We have astronomers try to impress upon us the size of our universe. They compare the number of stars to the single grains of sand sprawled across our planet. Such comparisons lead us to believe that the amount of sand that we have here is, in fact, infinite. As it happens, according to researchers at the University of Hawaii, there really is quite a lot of sand here- 7.5 x 10 to the power of 18, or 7 quintillion, 500 quadrillion. Give or take a few trillion here and there.

Appetite For Sand
Yet sand is by no means infinite, and that is becoming more and more notable in certain parts of the world. We consume between 30-40 billion tonnes of aggregate a year, and half of this is sand. We build new houses, skyscrapers, roads and bridges. We make glass and electronics. We use fracking as a means to drill for new oil. All of which consumes sand.

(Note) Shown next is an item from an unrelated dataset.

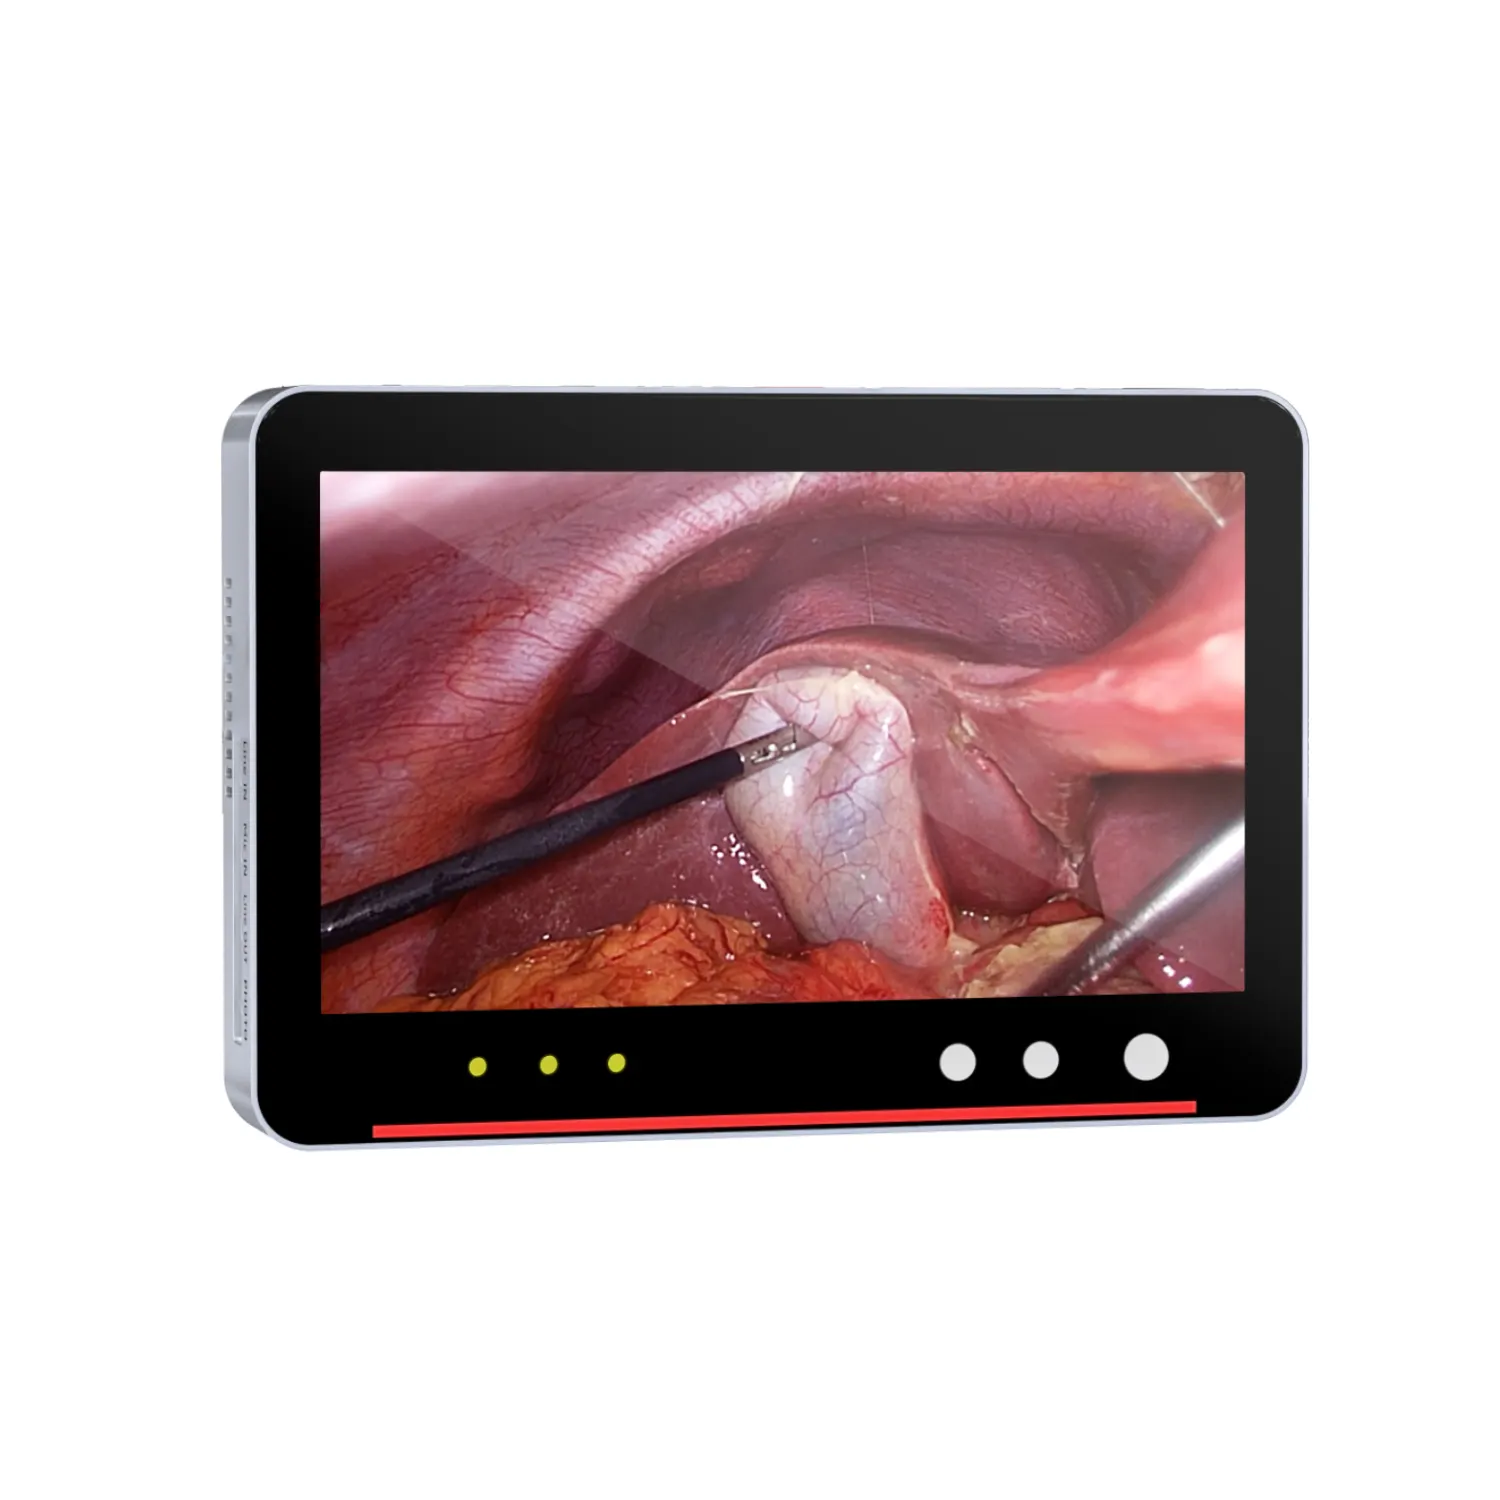 Unisheen Full HD Medical Endoscope Camera System With 80W LED Light Source And USB Video Recorder with battery holder

Of all the mined material back in 2014, sand accounted for 85% of the total weight. Yet this is replaced only over thousands of years of rock erosion. This hardly seems sustainable now. The problem is, no one knows exactly how much damage this is having on our environment, primarily down to it being a hidden threat, out of sight from the media and the public eye. With this booming demand comes scarcity, and with scarcity often comes criminality. With an estimated worth of £50bn a year globally, and a cubic meter of sand selling for £62 in some areas of high demand, its no wonder there are gangs and organised enterprises dredging our beaches and islands of their riches.

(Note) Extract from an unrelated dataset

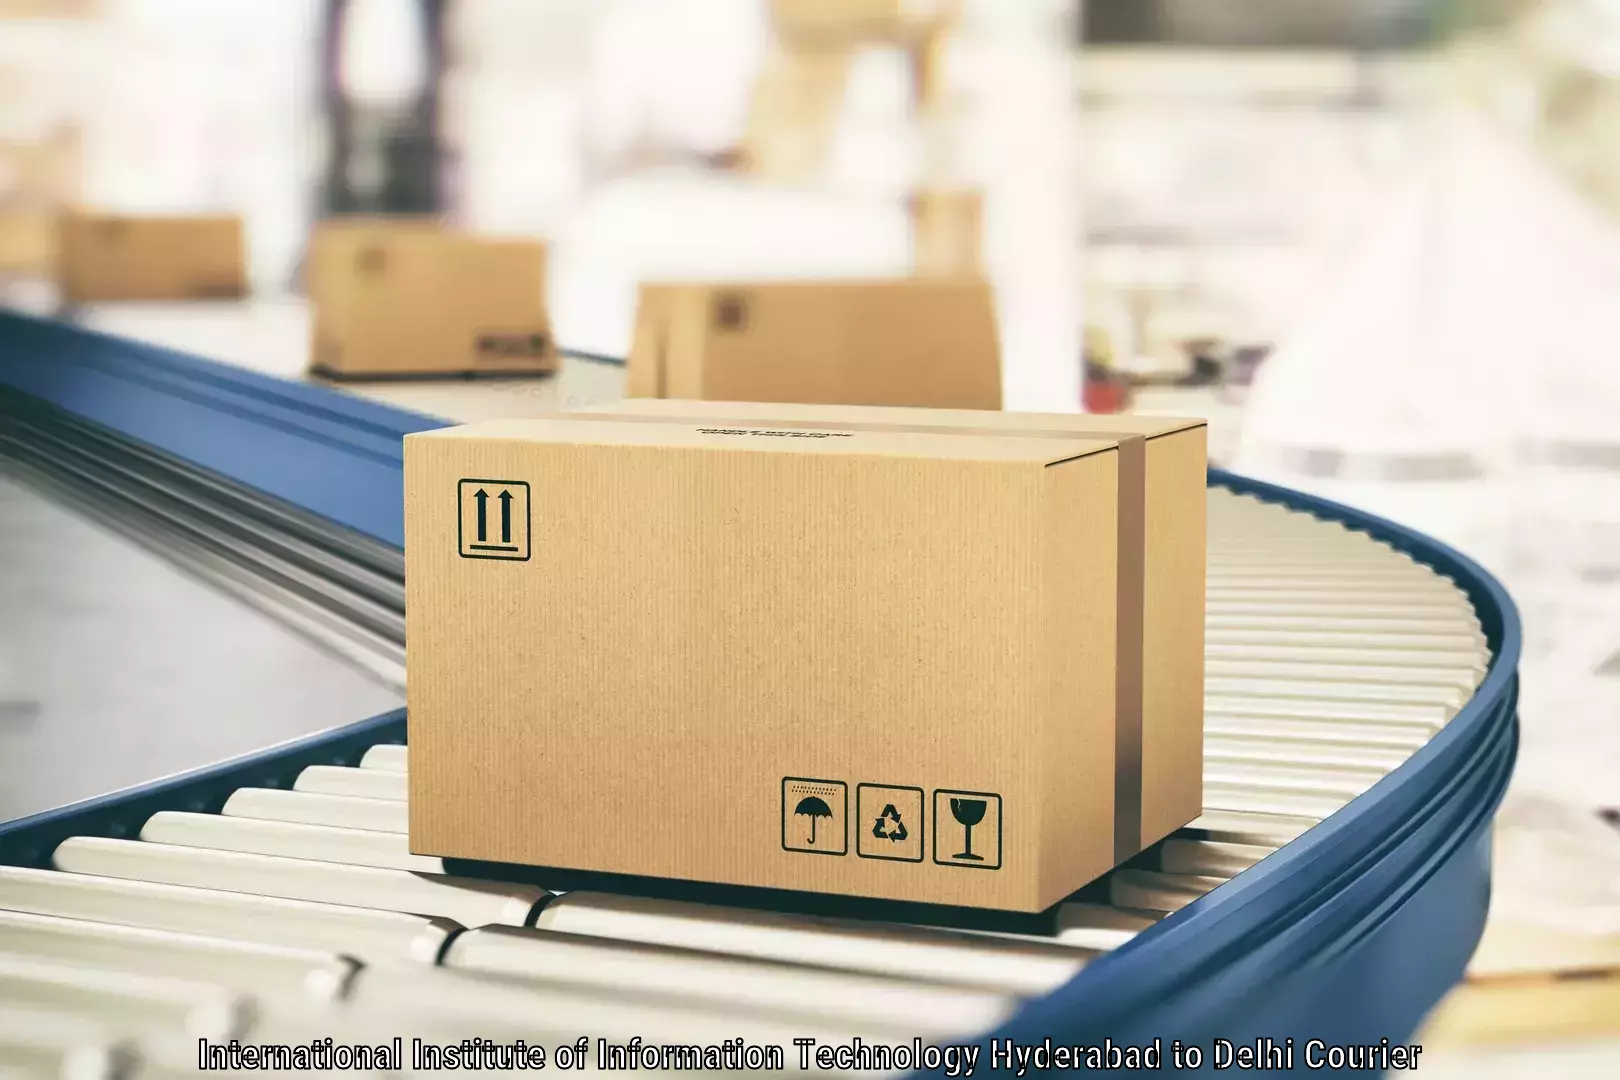 Individual parcel service International Institute of Information Technology Hyderabad to NCR

This illegal trade can get you killed in some countries, from India and Indonesia to Morroco and Jamaica. Beaches are carted off by the hundreds of truckloads, and should anyone interfere with this activity, intimidation, threats, and even murder are all possible outcomes.

Sand Exploitation
Sand extraction is just isolated to developing countries though. In the US you have the ever-more-common activity of fracking, where 'frac sand' is used in the process to produce petroleum fluids such as oil and natural gas. Areas such as Wisconsin have been spoiled, provoking many protests from the local community.
Then you have the Lough Neagh in Northern Island, where Friends Of The Earth have been fighting to curb the dredging of one of Europe's most important wetlands. Friends Of The Earth claim that the bird population here has declined by 75% in the past 30 years, and damaging fish habitat by worsening water quality.
The Burj Khalifa in Dubai- the worlds tallest skyscraper- is entirely surrounded by sand. Despite this, the "right kind of sand" used for the construction was imported from Australia, because of its 'gritty' texture from riverbeds. They could have used sand from the sea bed, but this has to be cleansed of all salt residue first to prevent metal corrosion in buildings. This, of course, comes at an additional cost people don't want to pay for!
The Solution?
We have to ask ourselves whether sand extraction can be curbed, with the ever more insatiable demand for it. There is some research that suggests the use of small particles of plastic - "plastic sand" - that can replace 10% of natural sand in concrete. This could save a whopping 800 million tonnes a year! Then you have a team at Cambridge University that are using computer modelling to efficiently size the amount of concrete we need to use. Many structures are "over-engineered', which equals a lot of waste, and this is an intelligent means to tackle the problem.
And what can we personally do to help the overuse of sand? Ensure we are recycling glass responsibly, of course, so that we can reuse the materials over and over again.